- Born: February 8, 1940 (age 86)
- Education: University of Oklahoma
- Occupations: philanthropist, fundraiser, art collector, author

= Carolyn Farb =

Philanthropist and fundraiser (born 1940)

Carolyn Farb (born February 8, 1940) is a philanthropist, fundraiser and art collector. She has raised more than 50 million dollars for numerous charitable causes. Farb is a resident of River Oaks, a wealthy neighborhood in Houston, Texas.

== Biography ==
As a young adult, Farb volunteered at the Texas Children's Hospital, working in the snack bar. She studied journalism at the University of Oklahoma. Farb was initially known for her marriage and subsequent divorce from the wealthy "real estate king" Harold Farb, but starting in the early 80s, she became better known for her parties and fundraisers that benefit various causes. Carolyn Farb and Harold Farb were divorced in 1983 in a suit that was reported to cost $20 million.

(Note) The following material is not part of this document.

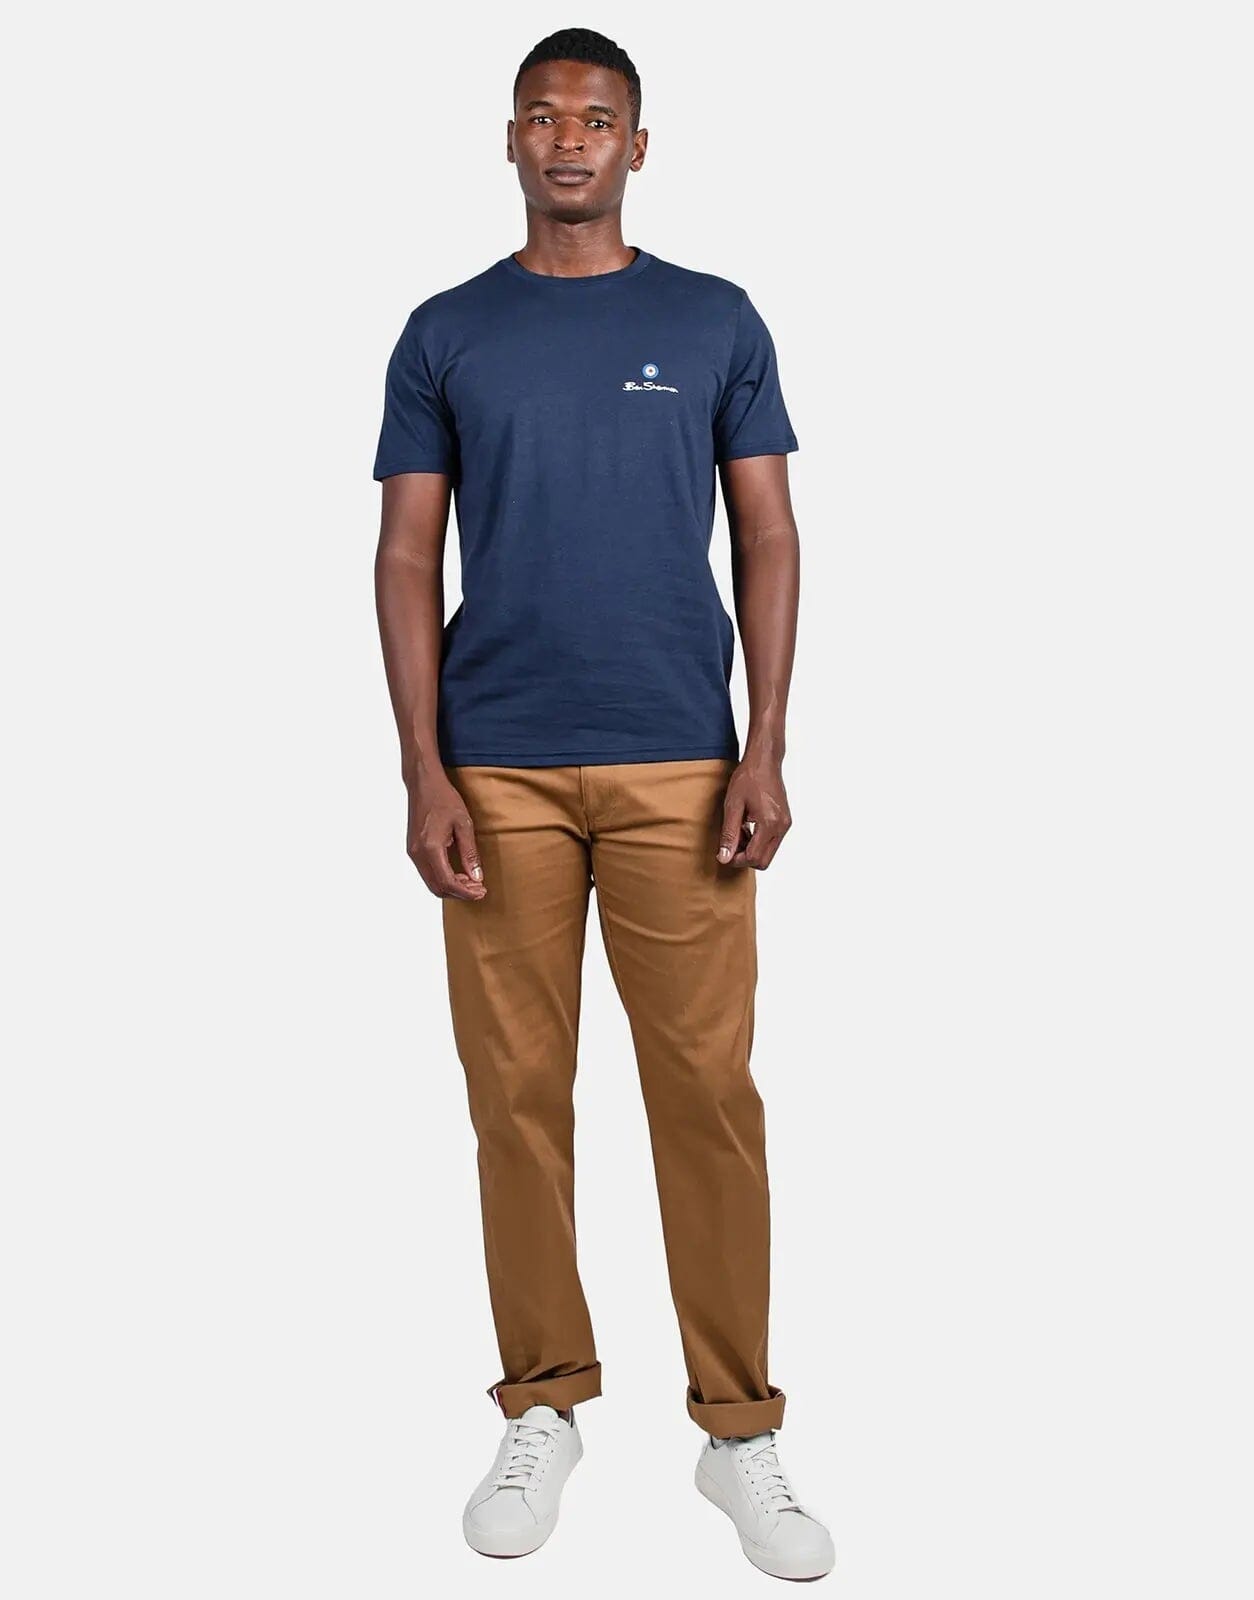 Ben Sherman Blue Target Print T-Shirt - Subwear

Farb received an honorary Doctorate in Humanities from Northwood University in 2003.

== Philanthropy ==
Farb raised more than 1 million dollars for cancer research for the Stehlin Foundation with a single gala (she is the first woman and first Texan to raise a million dollars in a single gala), helped to raise more than $3 million in one campaign for the University of Houston, and worked with other notable Houston celebrities to raise more than half a million dollars for tsunami relief.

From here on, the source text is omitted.